## DATASET CONTENT
=== Section Start ===
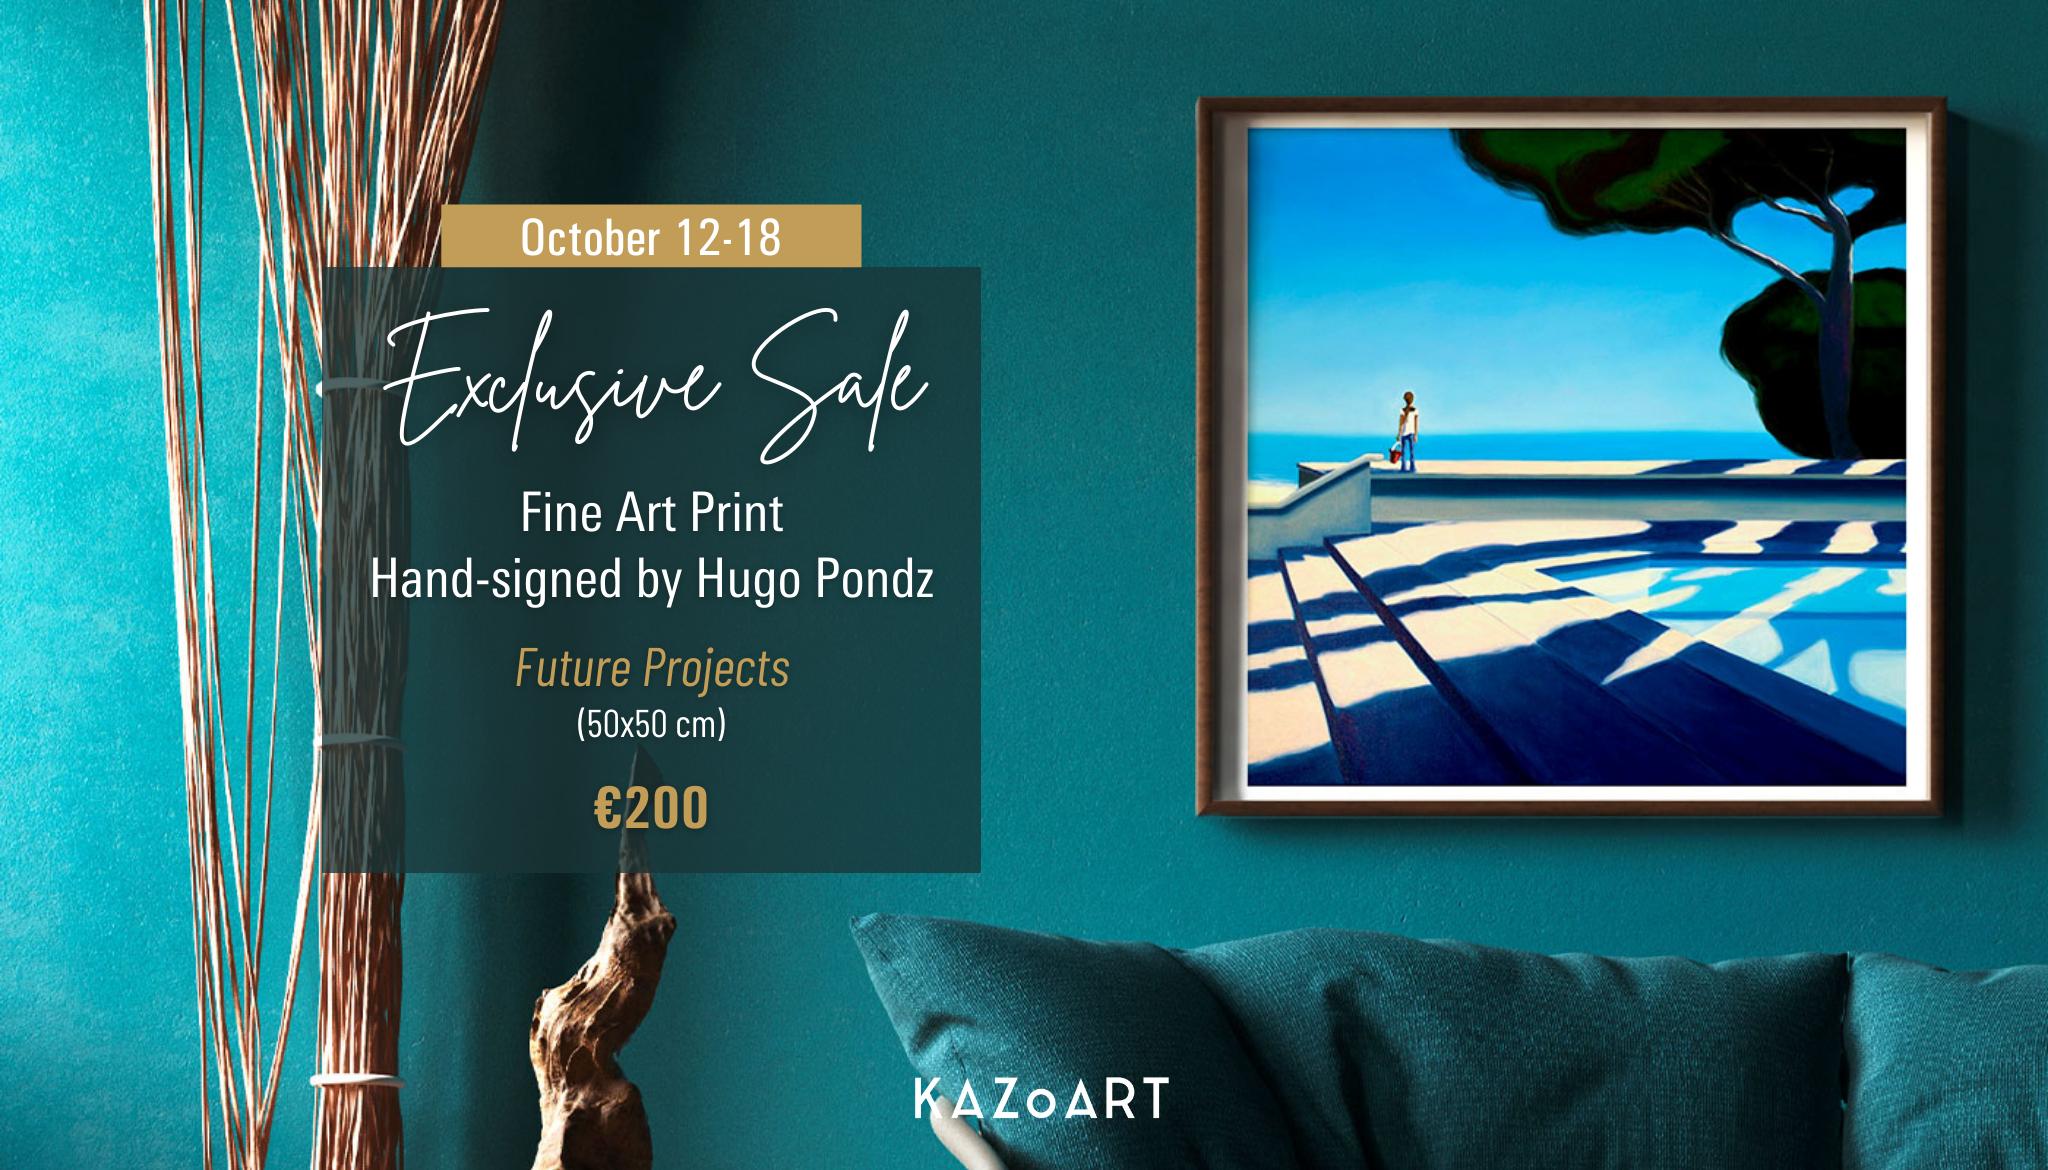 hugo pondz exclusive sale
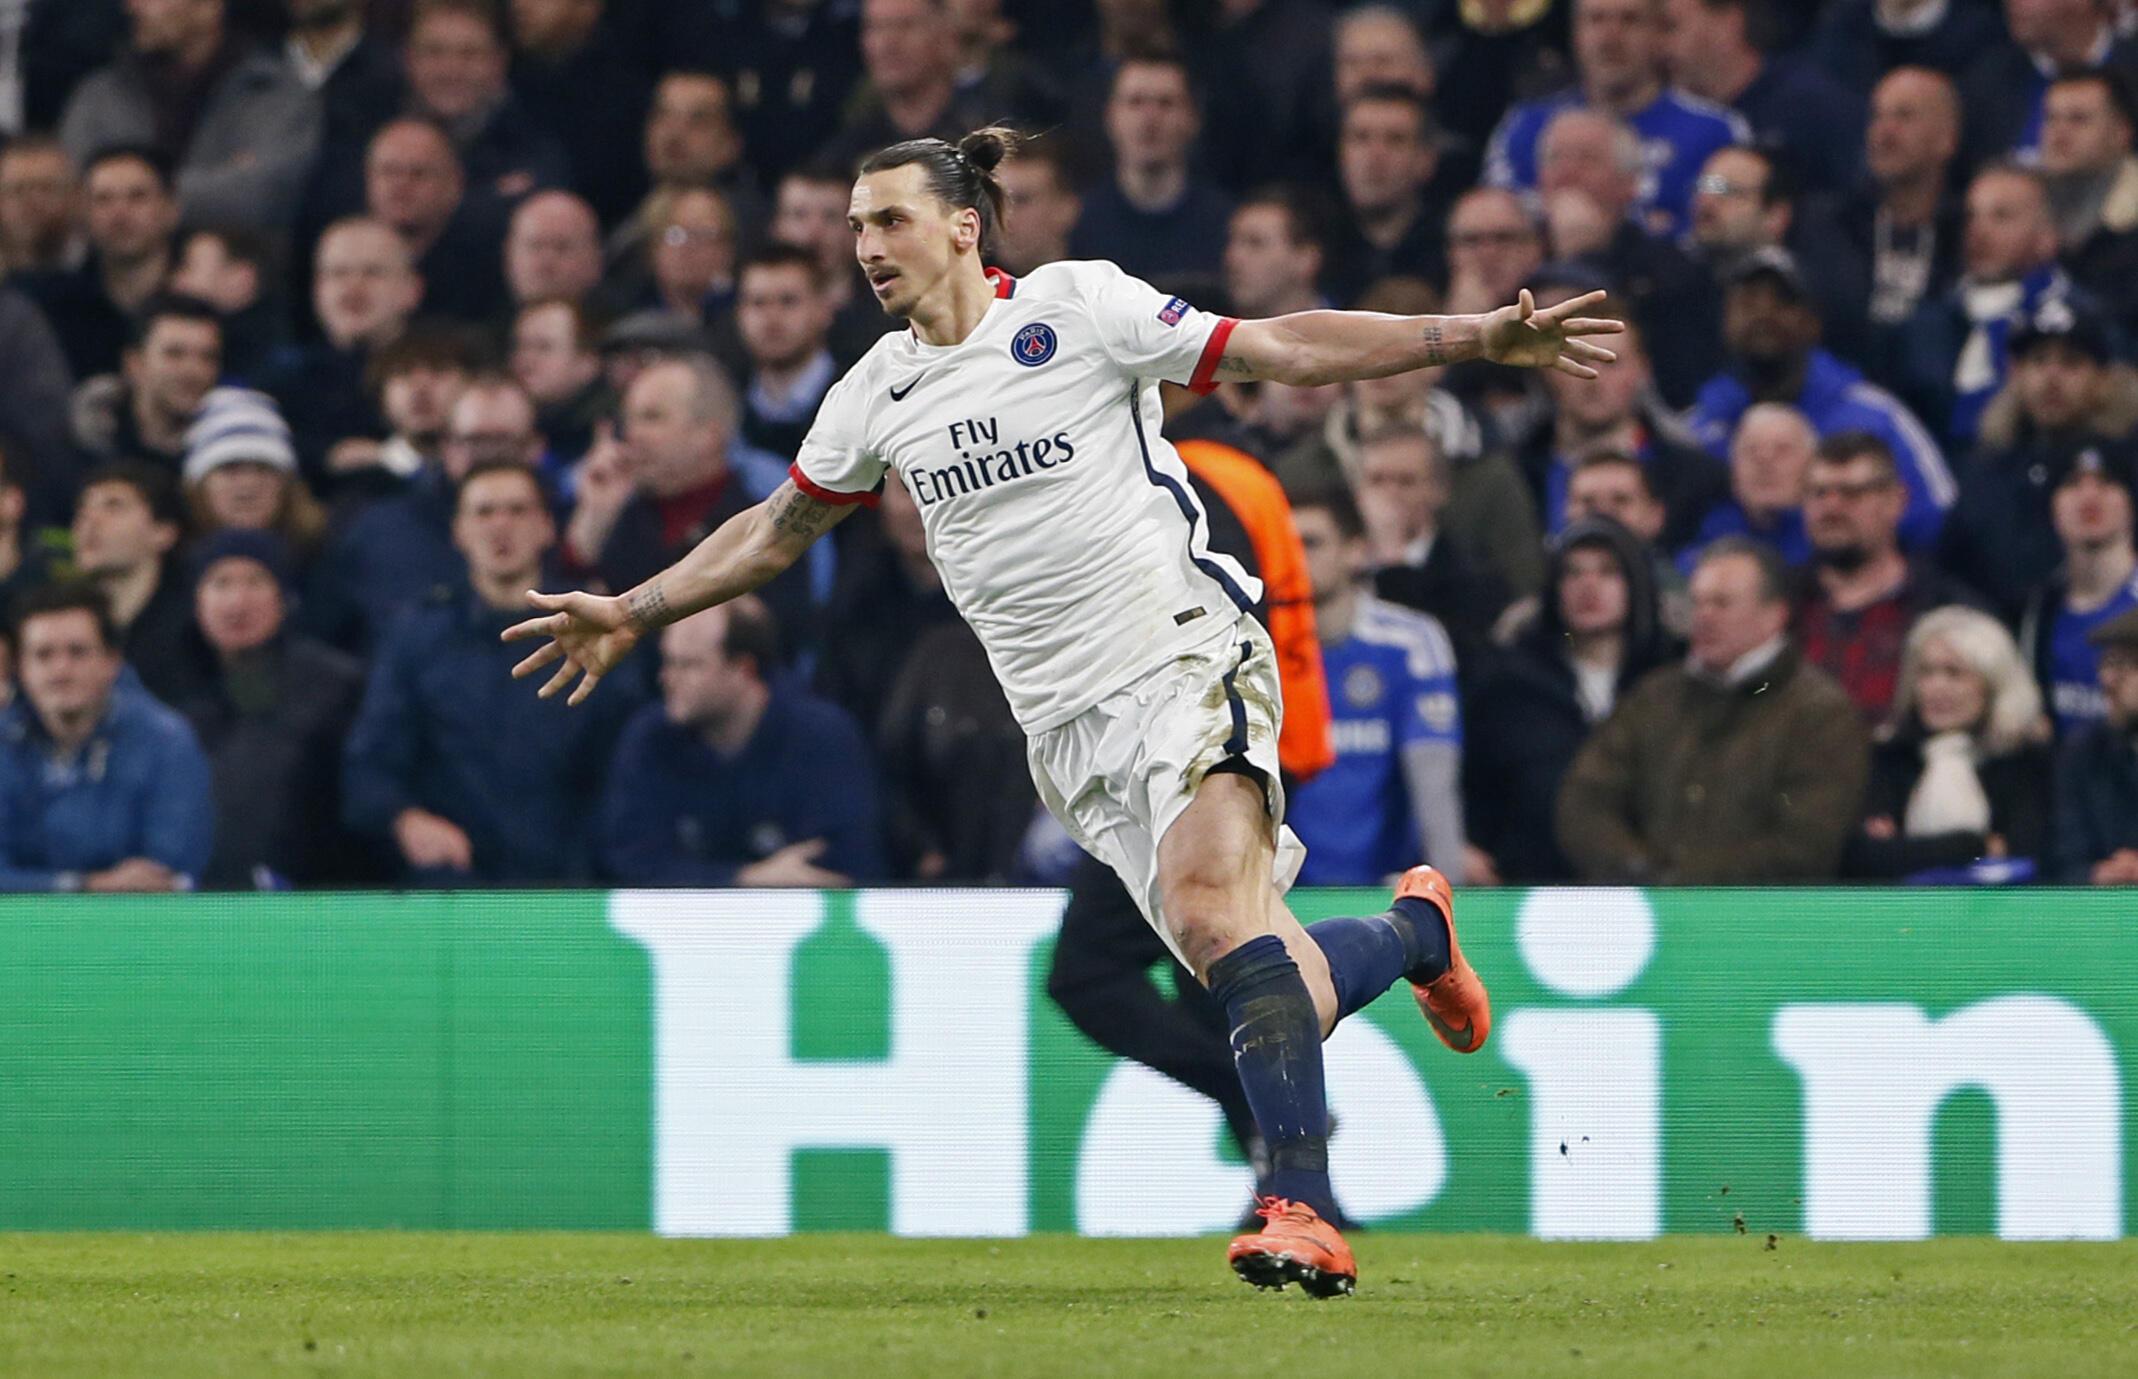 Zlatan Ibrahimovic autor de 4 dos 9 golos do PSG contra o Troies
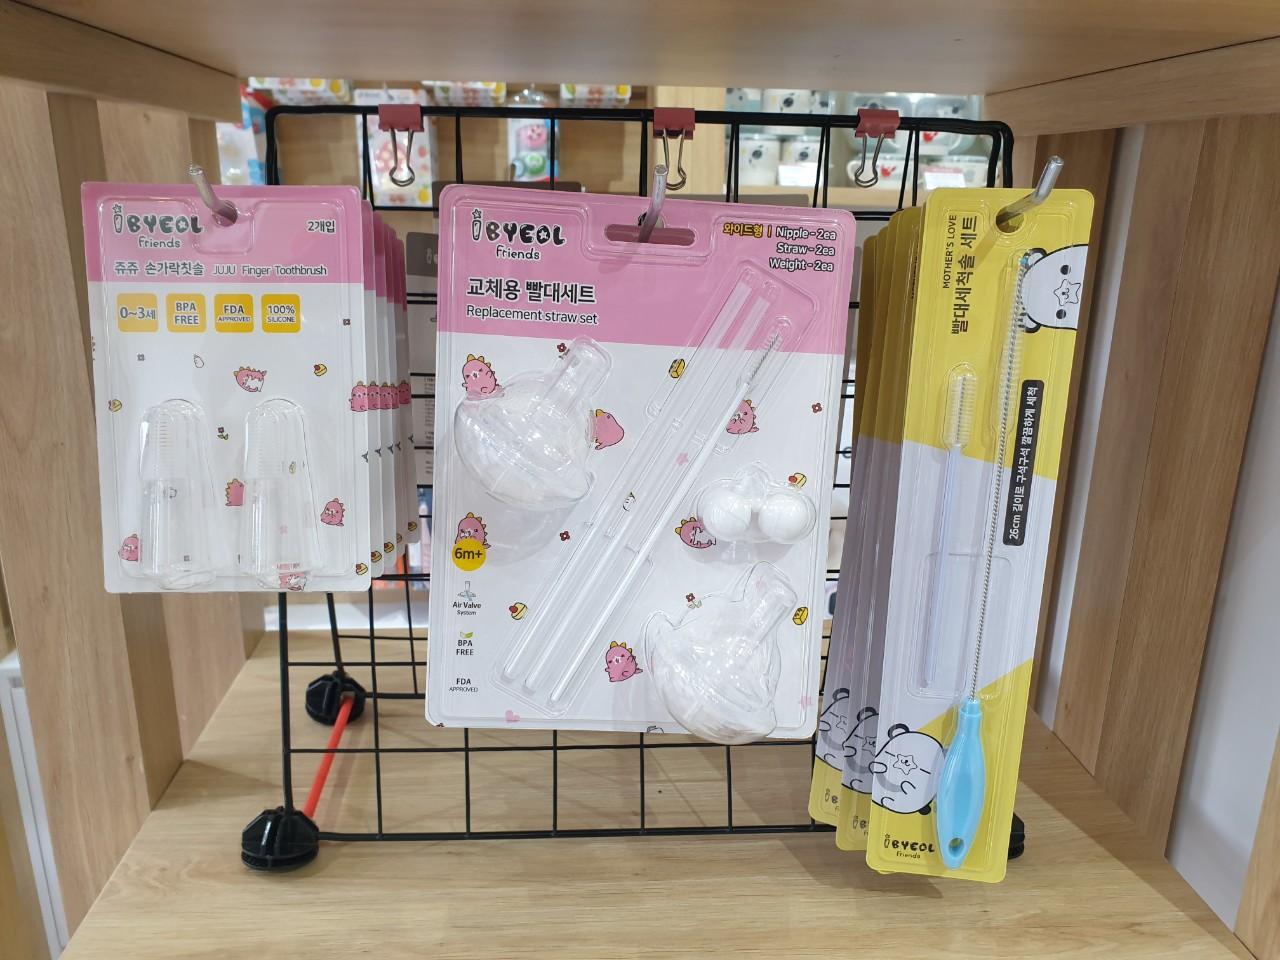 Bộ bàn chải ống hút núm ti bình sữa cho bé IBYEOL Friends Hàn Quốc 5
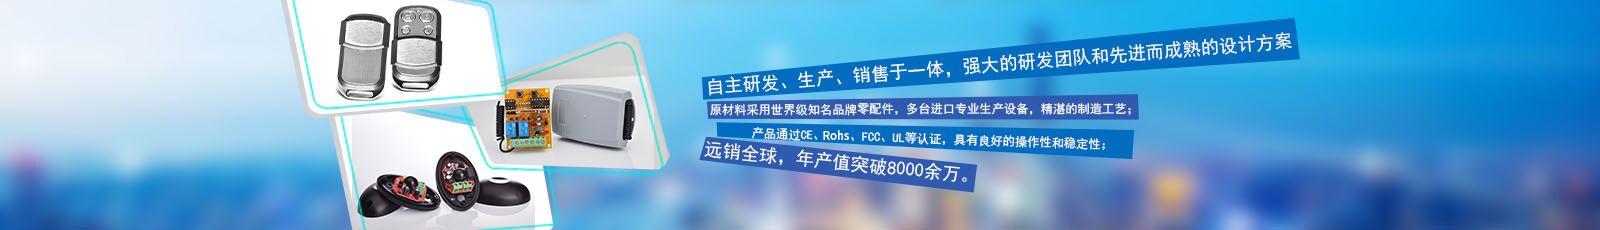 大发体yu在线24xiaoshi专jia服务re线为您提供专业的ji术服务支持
=== Section End ===
## TASK PROMPT
Would you retype all the lines shown above, exactly as written and without any picture?

## EXERCISE ANSWER
 hugo pondz exclusive sale
 Zlatan Ibrahimovic autor de 4 dos 9 golos do PSG contra o Troies
 Bộ bàn chải ống hút núm ti bình sữa cho bé IBYEOL Friends Hàn Quốc 5
 大发体yu在线24xiaoshi专jia服务re线为您提供专业的ji术服务支持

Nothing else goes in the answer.